I think it's human nature to resist things that are new - especially if you've built your career around a traditional methodology. That being said, you either keep up with progress or fade away into obscurity. Cooking "traditionally" for lack of a better term will always be my go-to way of cooking because frankly, it just has more soul - but I'm too curious of a person, too keenly aware of the benefits of some aspects of modernist cuisine to not incorporate it into my world. People will begin to see that traditional cooking has always been a manipulation of chemicals, albeit with less awareness, and modernist cuisine just turns a laser-eyed focus on that manipulation.


4) Are there any sous vide dishes you've had that have surprised you by how good they were? Are there any dishes that in your mind just shouldn't be done sous vide?
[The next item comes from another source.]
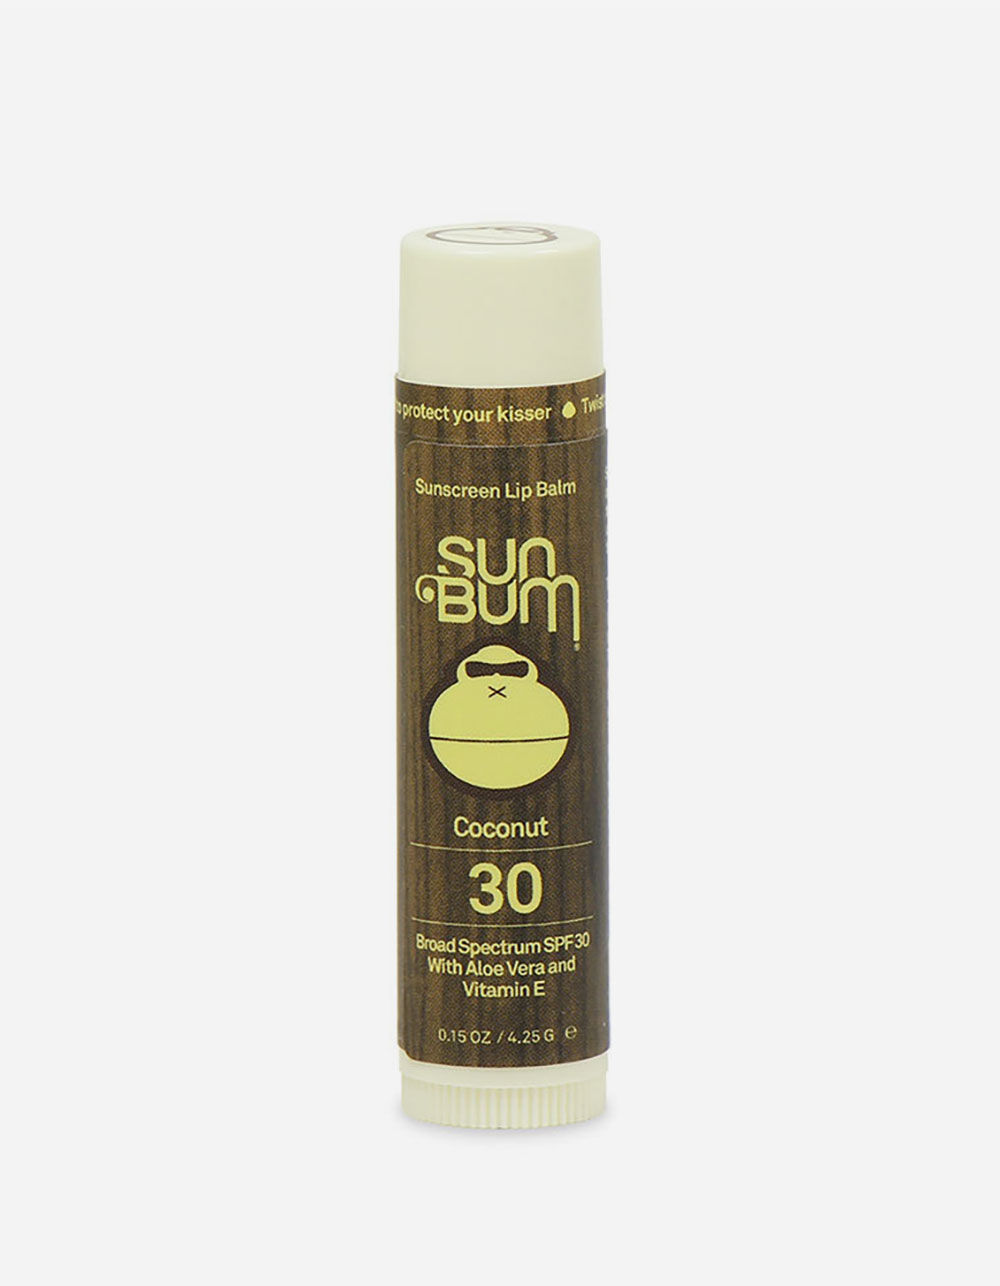 SUN BUM Coconut SPF 30 Lip Balm
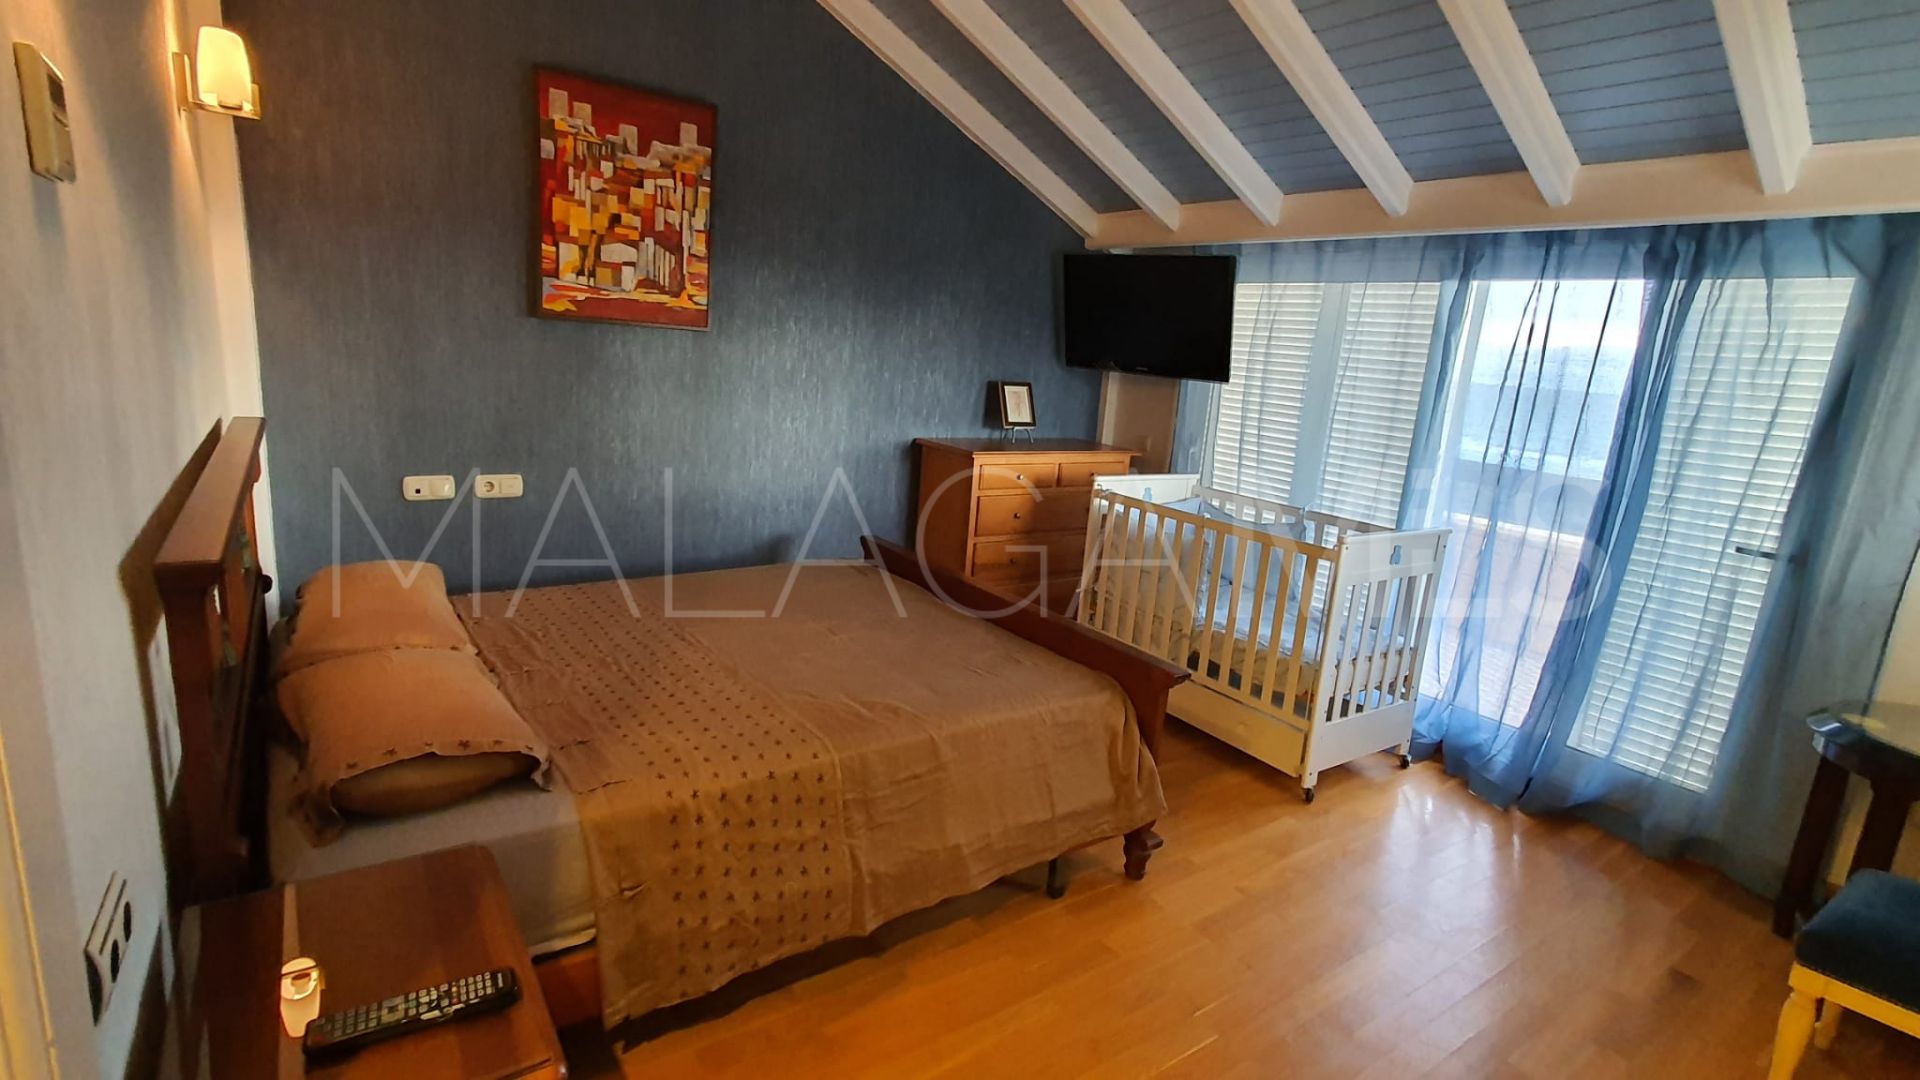 Buy house in Bahia de Marbella with 5 bedrooms

I've been most impressed with foods like chicken which tend to get overcooked and lose a lot of moisture when frying. A fried chicken first cooked sous vide is pretty awesome. As I found in my steak tests, a tenderloin done sous vide is pretty darn perfect. I'm still not 100% convinced about fish - so far in my experiments the texture is just a bit too compressed for my tastes - perhaps I'm not doing it correctly or need different equipment. I often see "compressed" fruit on restaurant menus and frankly, I've yet to see the benefit to this - the food tastes the same as fruit cooked more traditionally. But, hey - I'm embracing this thing people called being "open-minded" so all these opinions can easily change as I learn more about the techniques.


5) You have a new book coming out called "Good Fish", which focuses on buying and cooking sustainable fish. Since a lot of fish can be cooked sous vide, do you have any tips for our readers to hold them over until they can go out and buy your book?

The thing I most like about sous vide is its ability to get people to nail a perfect doneness. Cooking fish perfectly is a challenge for most people - sous vide will open the beauty of well cooked fish up to those fortunate enough to have access to the technology. Furthermore, what you place in the bag with the fish has no chance to be diluted and with a vacuum seal really becomes one with the fish. One sprig of thyme tasted like 20 sprigs of thyme. One bay leaf was like 5. Think carefully about your flavors and maximize the benefit of including them in the bag.

One last thing.... I would be remiss, at this point, not to point out my biggest hesitation with sous vide and since we're talking about my sustainable seafood book, it's probably obvious that I don't feel good about all the plastic involved with sous vide cooking. I'm tired of seeing plastic bags swirling in the ocean and am hesitant to add more to the pile. I challenge all the smarty pants out there - the ones really embracing modernist cooking - to come up with a more sustainable medium in which to cook food under pressure. Go forth! Invent! and have fun cooking.